Мизинца на ноге Костя лишился во время плотничьих работ по починке крыльца, ведущего в Володькины хоромы. Глухой что-то тяпал топором, а Костя сидел рядом, болтая ногами, как вдруг загляделся на бабочку, отвернулся от Володьки, перестал болтать ногами, а тут — хрясь. Опять всплеск боли, от которой выскакивает сердце из груди, а в голове и в глазах всё темнеет после вспышки зелёной молнии. На этот раз Косте стало дурно и он не сразу побежал к бабушке и приковылял домой только вечером, перевязанный собственноручно Володькой. Тот делал сокрушённое лицо, что-то блеял, а филинские зелёные с желтизной глаза его неподвижно и сухо глядели в бледное от страдания лицо Кости. Бабушке Костя ничего не сказал, а та сослепу не разглядела, чего это внук как пришитый дома сидит. Когда вставать на ногу стало не очень больно, Костя потихоньку пошёл со двора, но не к Володьке, а так — по деревне, на речку, в малинник. Большое было раньше село Удово, весёлое, в 120 дворов. Бабка рассказывала, что девок и ребят жило здесь немерено. На праздниках да на гулянках хороводы у костров затевали в трёх концах села. Колокола на церковной колокольне за семь вёрст слыхать было, теперь заместо церкви бугорок земли с воткнутым в неё ржавым крестом, что на куполе раньше торчал. «Большевики проклятые», — говорила бабка, и Костя тоже невзлюбил их за все содеянные ими гадости. А натворили они их предостаточно. Церковь сожгли. Сожгли и поповский красивый дом с пасекой и метеорологическими приспособлениями, а книгами из поповской библиотеки всё село долго ещё печи разжигало да покрывало крынки с молоком. Пахать да сеять скоро все разучились, а промышляли воровством да рыбной ловлей. Скоро самых работящих стали угонять куда-то аж за Сибирь, а молодёжь вся по городам разбежалась. Поля заросли, озеро заилилось, дороги, разбитые единственным на селе трактором, размыли дожди. Мельницу уже немцы подорвали, и от когда-то богатого и зажиточного места на земле осталось семь дворов старых баб да двое мужиков — Володька и Костя.
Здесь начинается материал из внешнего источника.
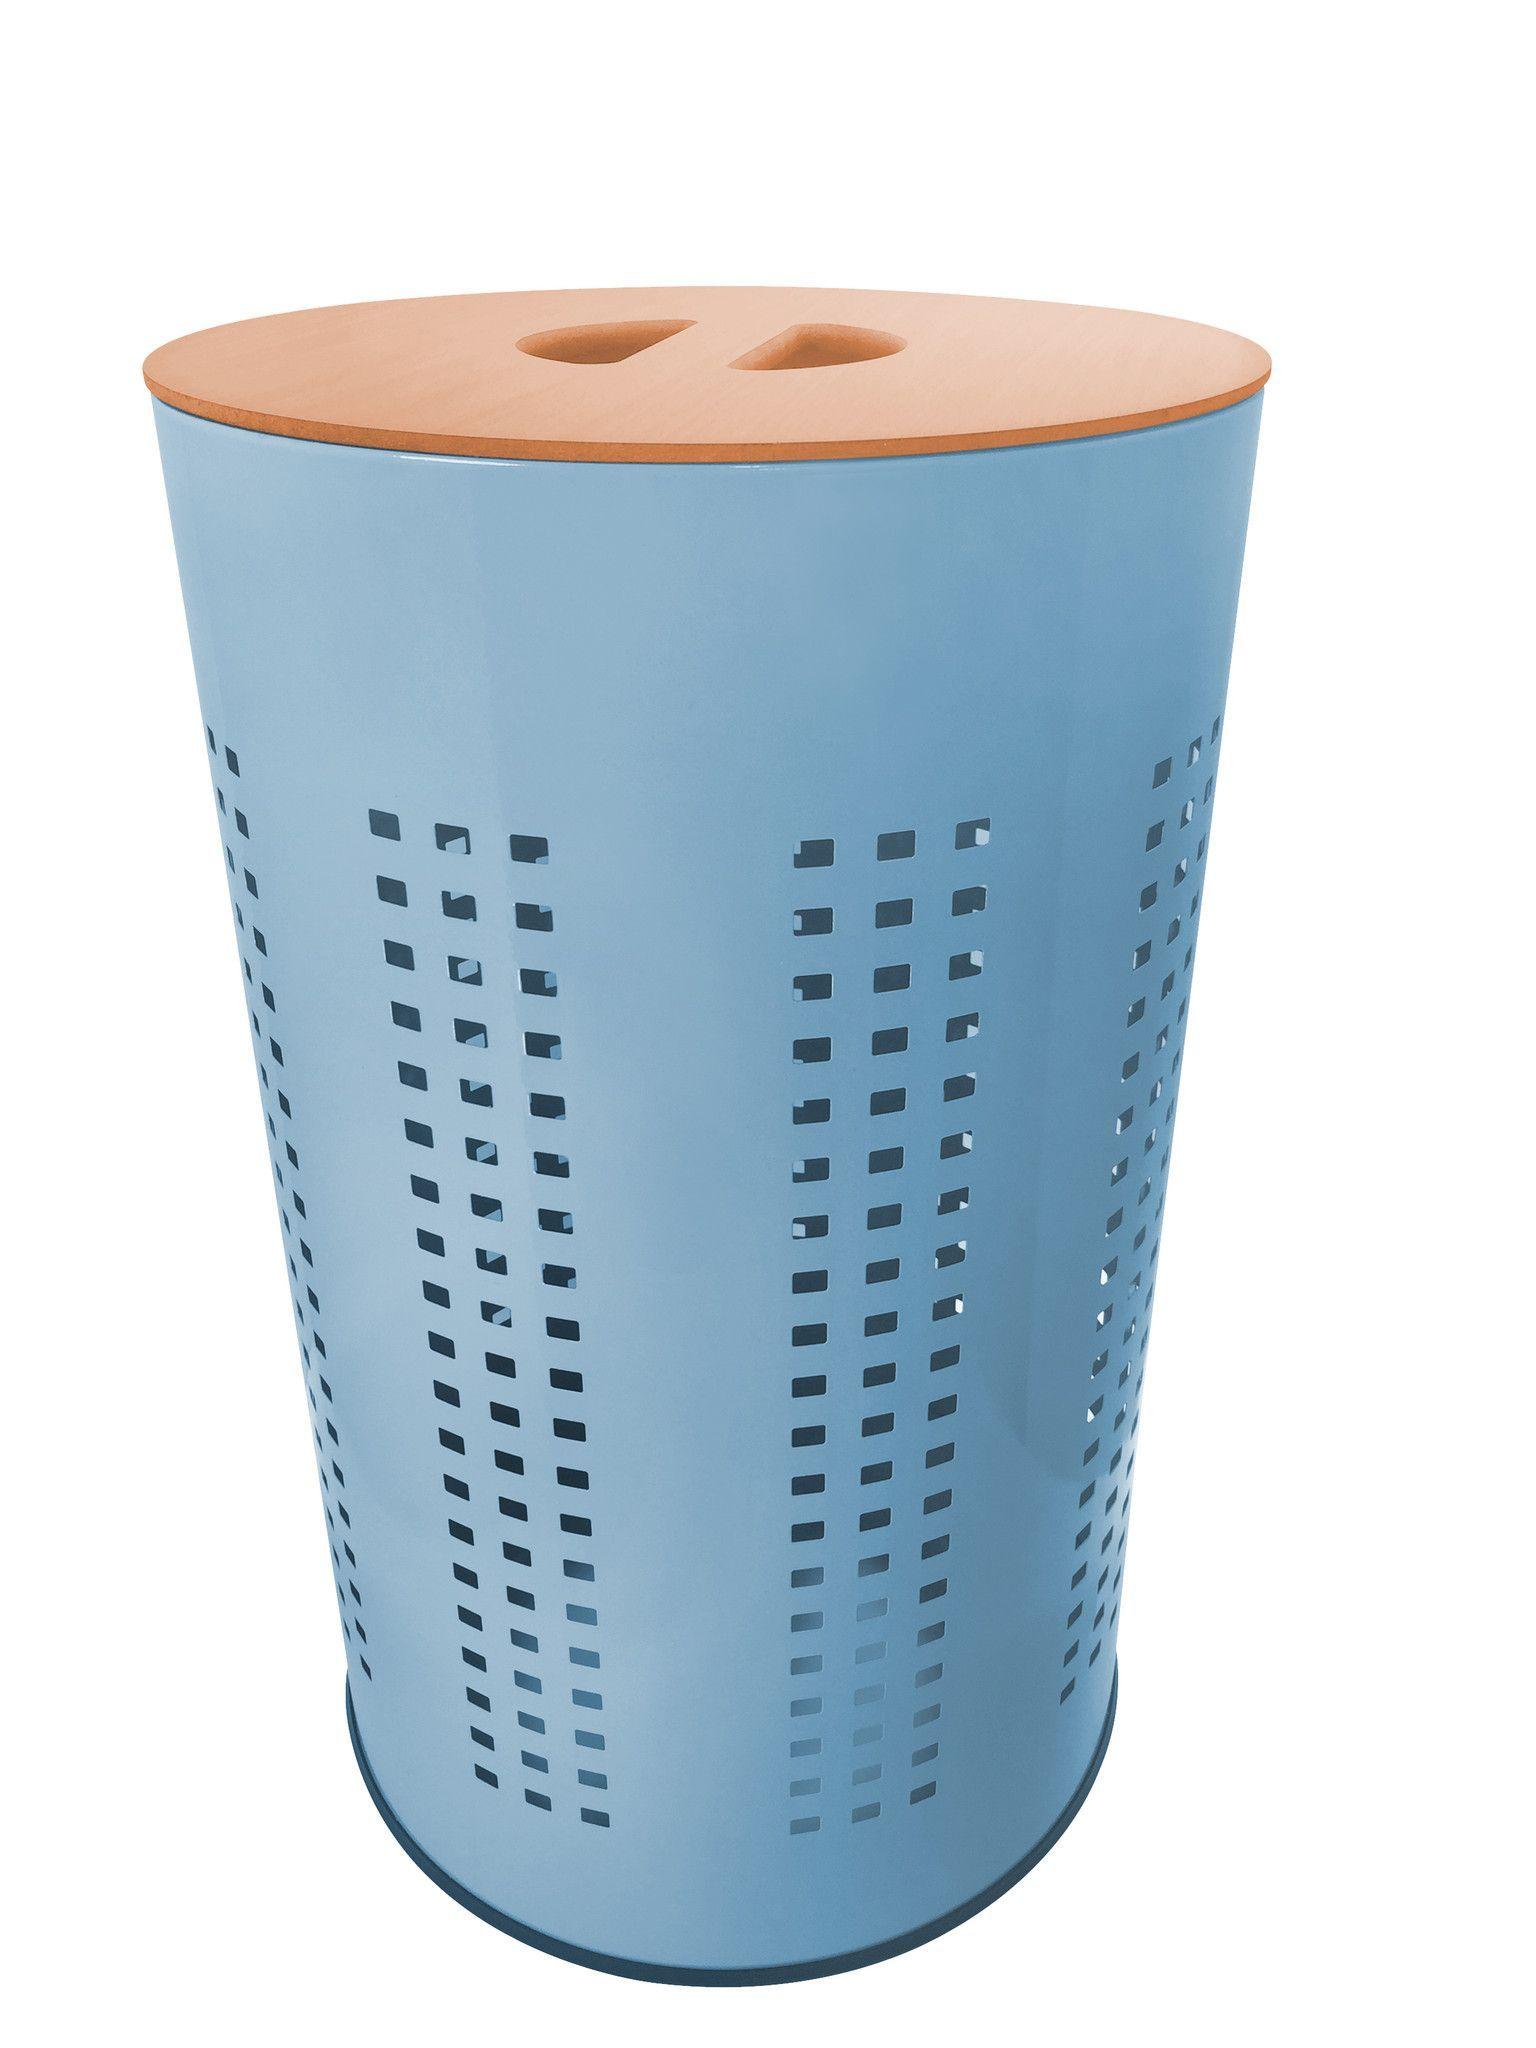 Light Blue Stainless Steel Laundry Bin Hamper 50l Ventilated

На другой день гулять одному стало совсем невтерпёж, а тут на речке Володька с сетью появился.

Подошёл помочь ему сеть подержать, а домой к глухому уже вместе возвращались. Костю всё занимала мысль: как это случайность такая вышла, что два раза его глухой обстрогал. «Случайность или нет», — думал Костя и однажды, когда Володька резал огромным ножом хлеб за столом, как бы невзначай стал водить указательным пальцем четырёхпалой руки по корке хлеба, которую резал глухой, а сам глядел тому в лицо. И за мгновенье до того как вновь ослепнуть и оглохнуть от боли, он заметил, что глаза глухого сверкнули, как кошачьи в темноте, а лицо озарилось дикой и одновременно радостной улыбкой. Лишению третьего пальца Костя уже не придал большого физиологического значения, но безнравственное поведение глухого его возмутило. И по прошествии очередного срока выздоровления он пошёл объясняться. Володька опять делал несчастное лицо, мычал и блеял, а на все Костины укоры разводил руками и открывал банку за банкой разных варений, громоздившихся по полкам без счёта. Костя был покладистый мальчик и скоро перестал ругаться, но решил держать ухо востро и пальцы больше не подставлять. Так прошла половина лета, когда надвинулись тучи. Глухой явно охладел к Косте, гнал его со своего двора, а когда возмущённый его поведением Костя вопросил прямо, что происходит, тот сделал умильное лицо и показал палец, по которому провёл ребром ладони другой руки, словно отрезав его. Сначала Костя не понял, а потом, получив подтверждение в странной и жестокой прихоти глухого, в испуге убежал. Но не надолго. Дня через три он пришёл снова, и снова глухой торговал Костин палец, а взамен предлагал дружбу и латунные гильзы охотничьих патронов. Костя крепился недолго. Жизнь без дружбы представлялась пресной и никчёмной, а к боли он уже как будто привык. Добровольное отсечение пальца отличалось от «случайного». Глухой гладил мальчика по голове, потом долго осматривал средний палец на левой руке и, приложив его к ступеньке крыльца, несколько раз примерялся небольшим и острым плотничьим топориком. Костя закрывал глаза, стискивал гильзу в правой руке, вновь открывал глаза и, видя счастливое лицо глухого, убеждался, что жертва не напрасна. К тому же Володька дал ему стакан самогона и приказал выдуть одним махом. Самогон не крепкий, но у Кости глаза полезли на лоб и, пока они ещё лезли, глухой хватил топором. Боль на этот раз обожгла не столь сильно, как прежде, но зато после рука болела дольше. Глухой старательно ухаживал за Костей и угождал малейшим его желаниям.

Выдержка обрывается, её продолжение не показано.